In the spring of 1989, a hedge fund based in a converted building on Long Island was falling apart. The Medallion Fund -- named for the prestigious mathematical prizes its founders had won -- had lost roughly 30% of its value peak-to-trough over its first eighteen months of operation. The model's architect, a UC Berkeley algebra professor named James Ax, insisted the losses were within the expected range of his simulations. He wanted to keep trading. Jim Simons, the 51-year-old mathematician who had founded Renaissance Technologies and who held a controlling stake in the fund, disagreed. He flew in and shut trading down. Ax quit. Simons was left holding a fund that was, by most objective measures, a failure.

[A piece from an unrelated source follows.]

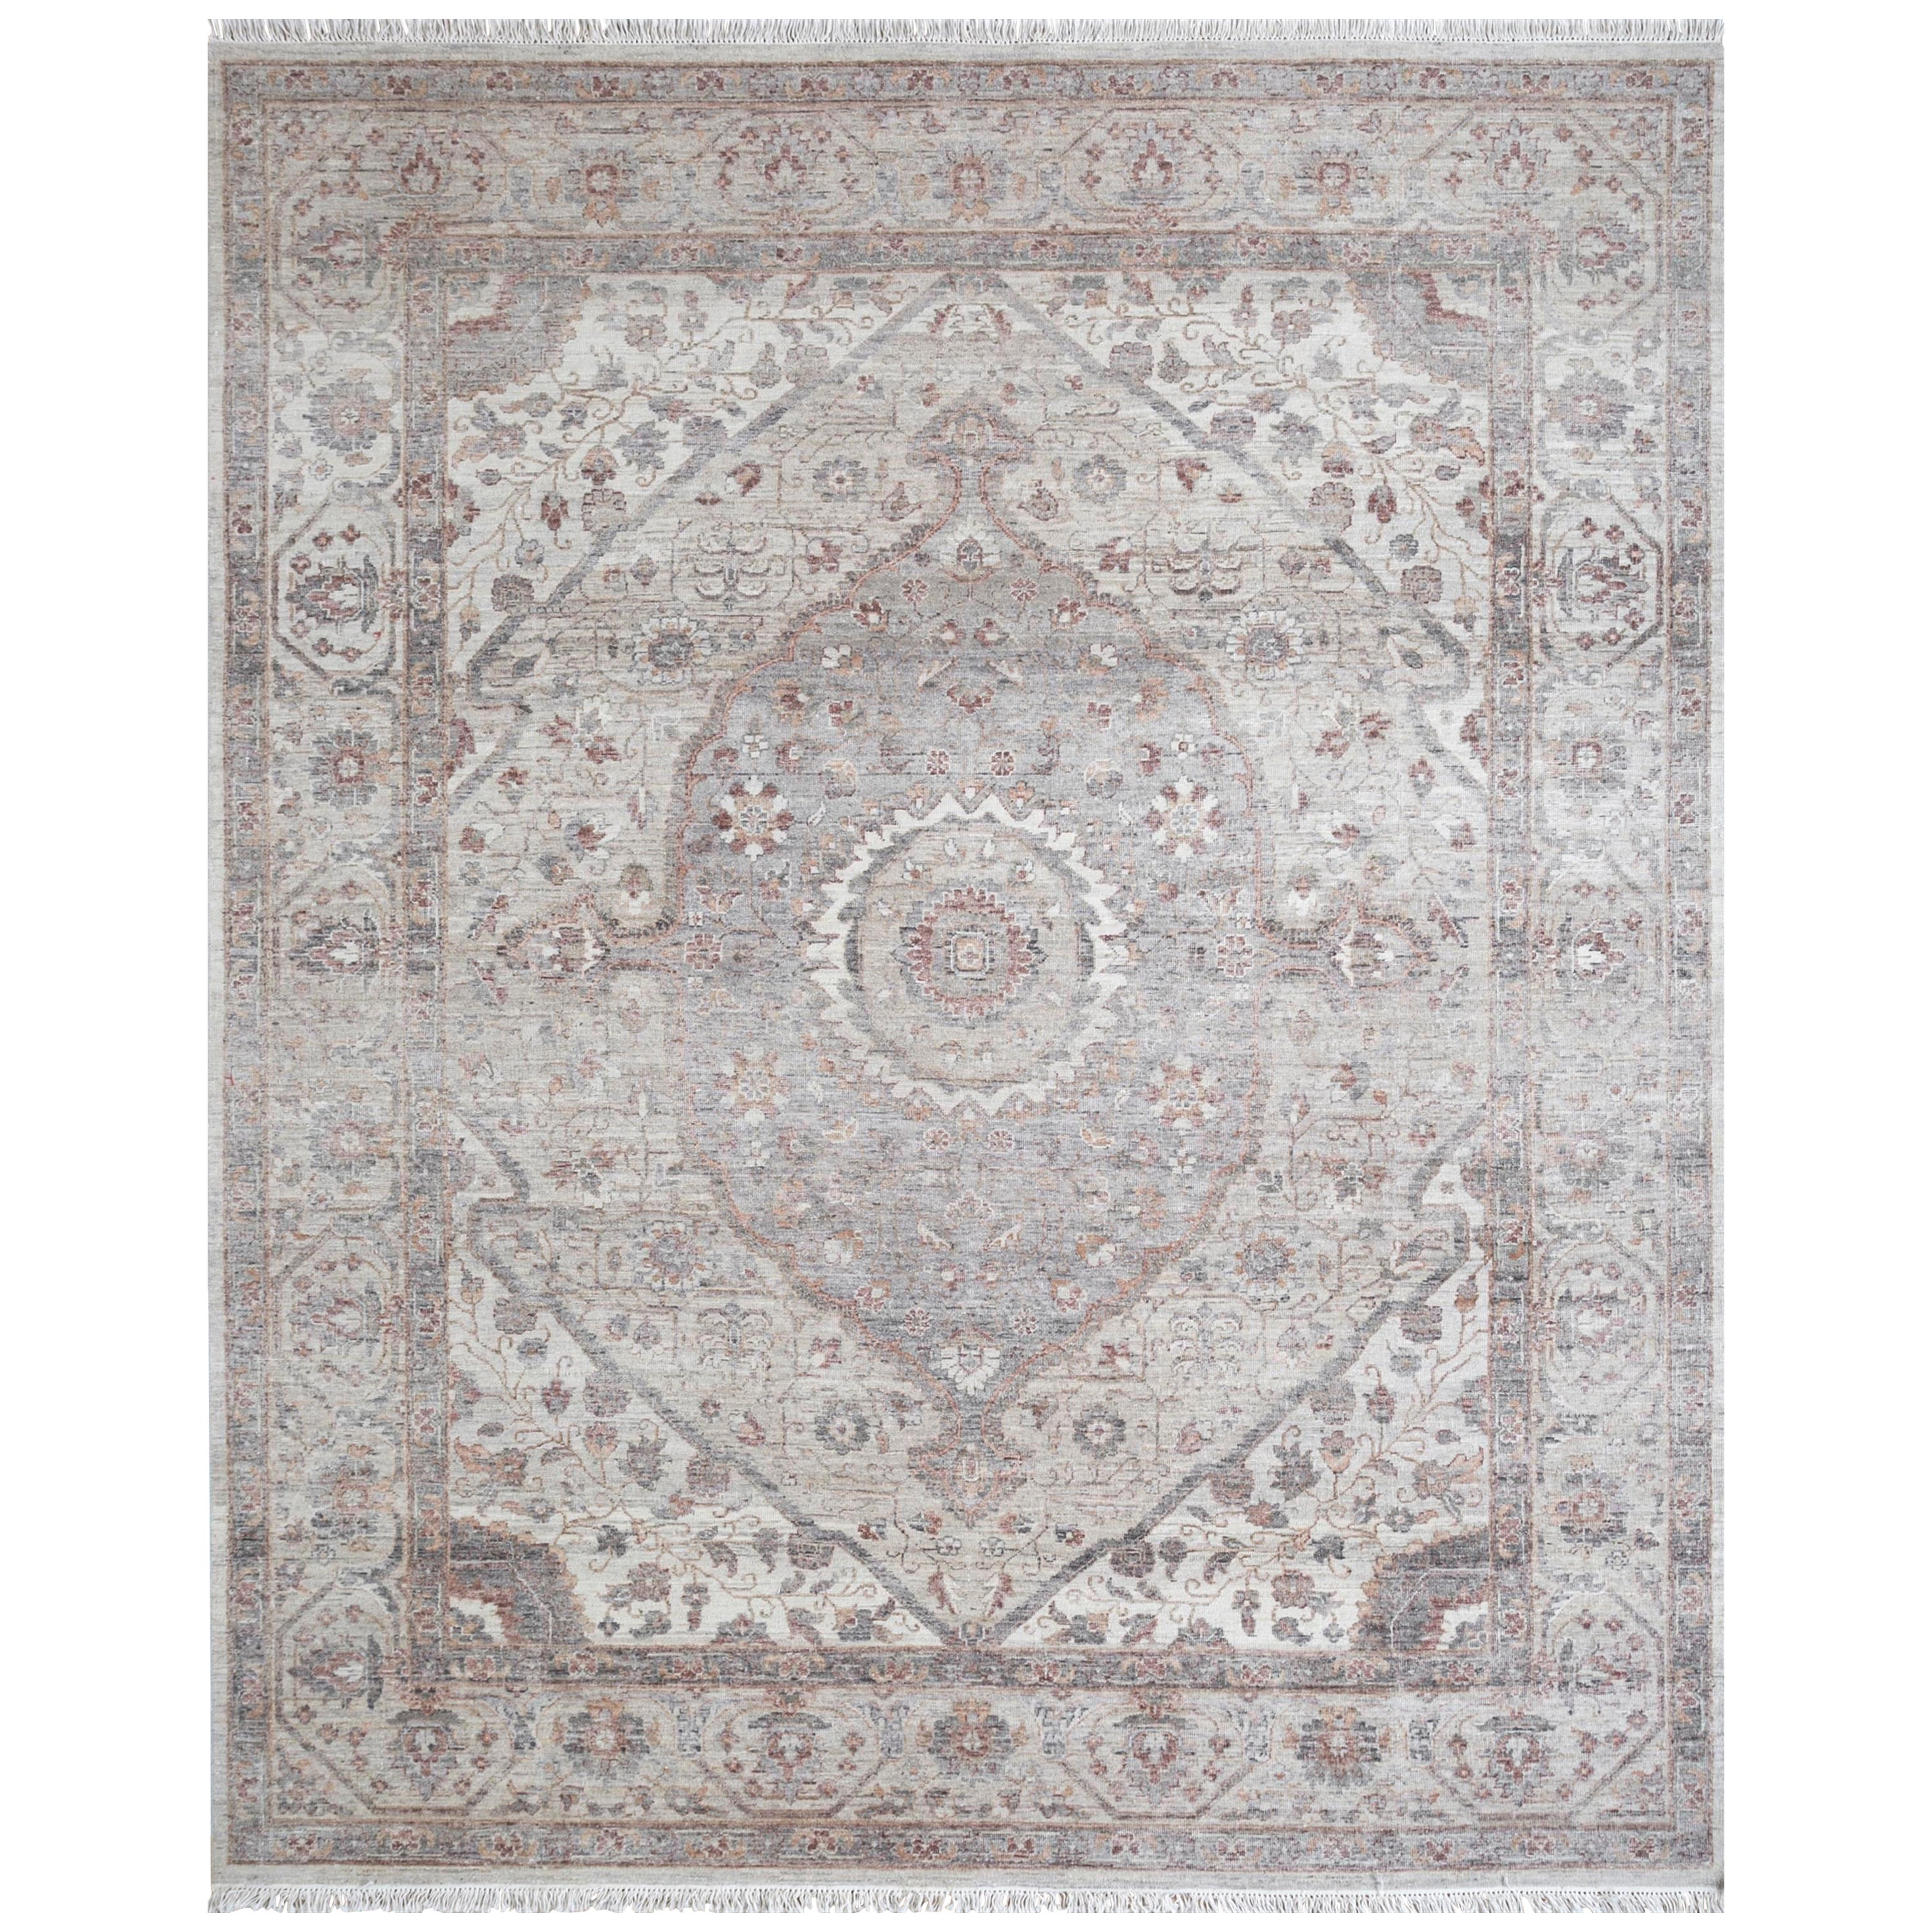 Vintage Whimsy Medium Taupe & Dark Ivory 300X420 cm Handknotted Rug For Sale

It was the low point of one of the most extraordinary turnarounds in the history of finance. The machine Simons would build over the following three decades -- with a succession of codebreakers, speech recognition researchers, algebraists, and game theorists hired from universities and government labs -- would go on to generate over $100 billion in gross trading profits between 1988 and 2018. The Medallion Fund compounded at roughly 66% gross per year, or 39% net after fees that were deliberately set to be punishing: 5% of assets under management and 44% of profits, nearly triple the industry standard. A dollar invested at inception and held for thirty years would have grown to approximately $27,000 net of fees. Gross of fees, the number was closer to $200,000. Warren Buffett, across the same period, compounded Berkshire Hathaway at approximately 20% annually. George Soros, at his best, managed something around 30%. The comparison illustrates not just a difference in degree but a difference in kind.